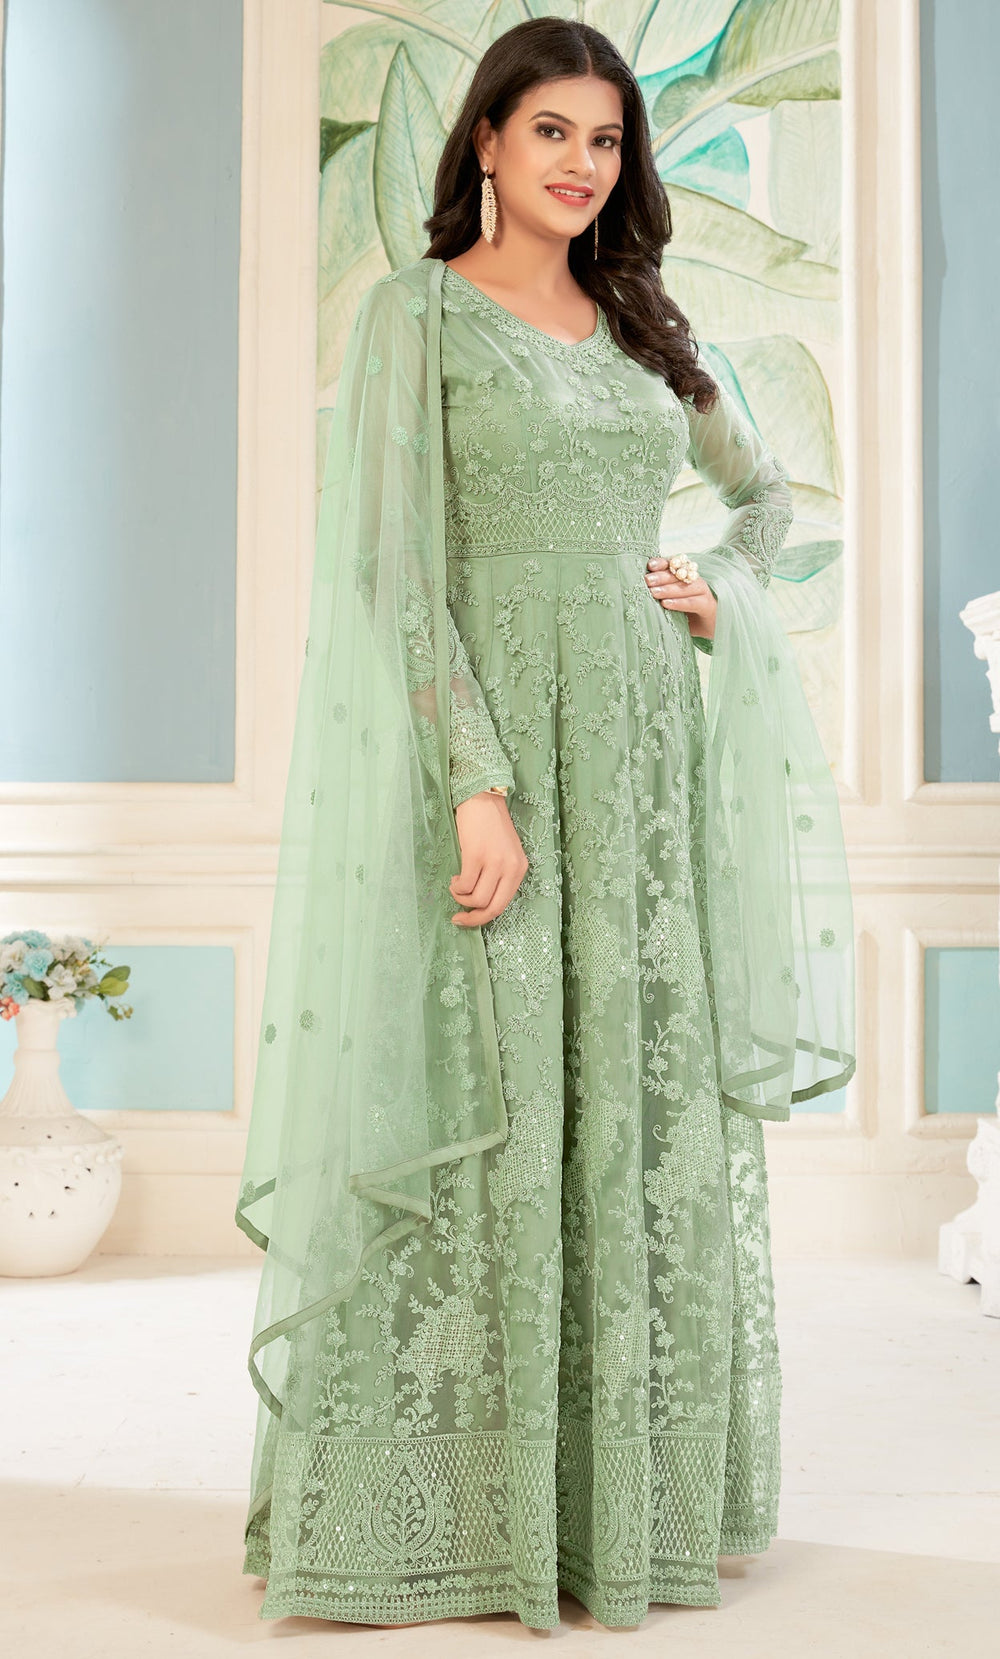 Enchanting Green Gown with Butterfly Net & Luxurious Japan-Satin for Parties & Weddings
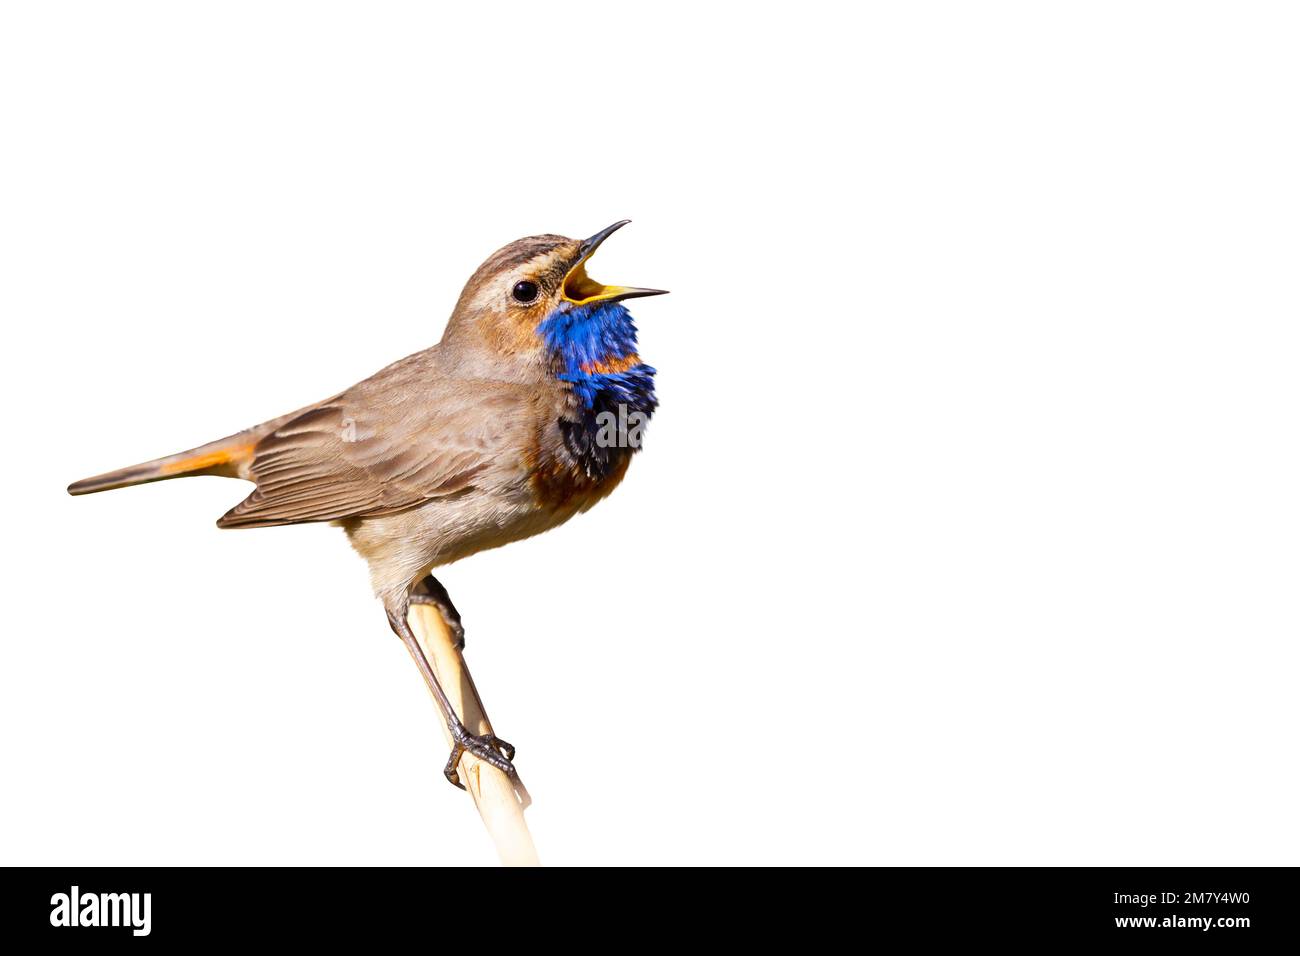 bluethroat singing a song with its beak open isolate on white Stock Photo
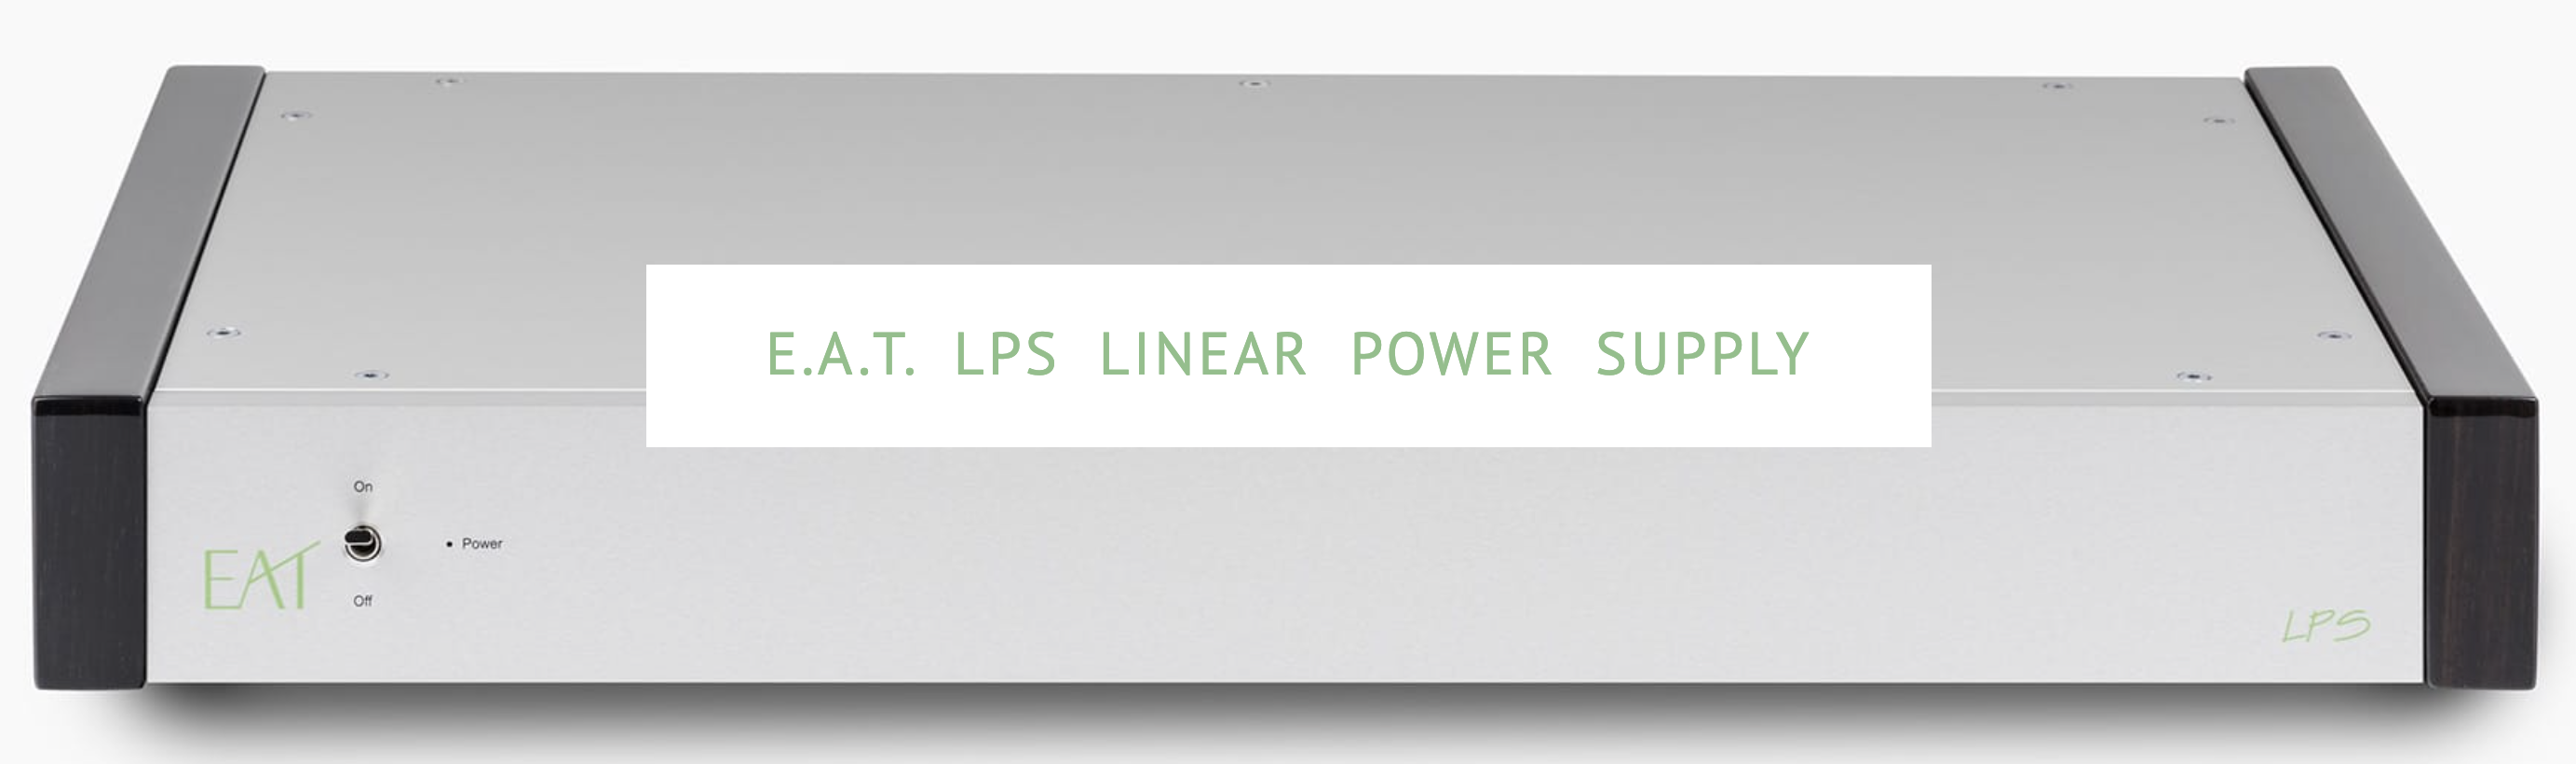 E.A.T. LPS LINEAR POWER SUPPLY

TASK PROMPT = Could you copy the data above exactly, leaving the pictures out?

TASK RESPONSE =
 Enchanting Green Gown with Butterfly Net & Luxurious Japan-Satin for Parties & Weddings
 bluethroat singing a song with its beak open isolate on white Stock Photo
 E.A.T. LPS LINEAR POWER SUPPLY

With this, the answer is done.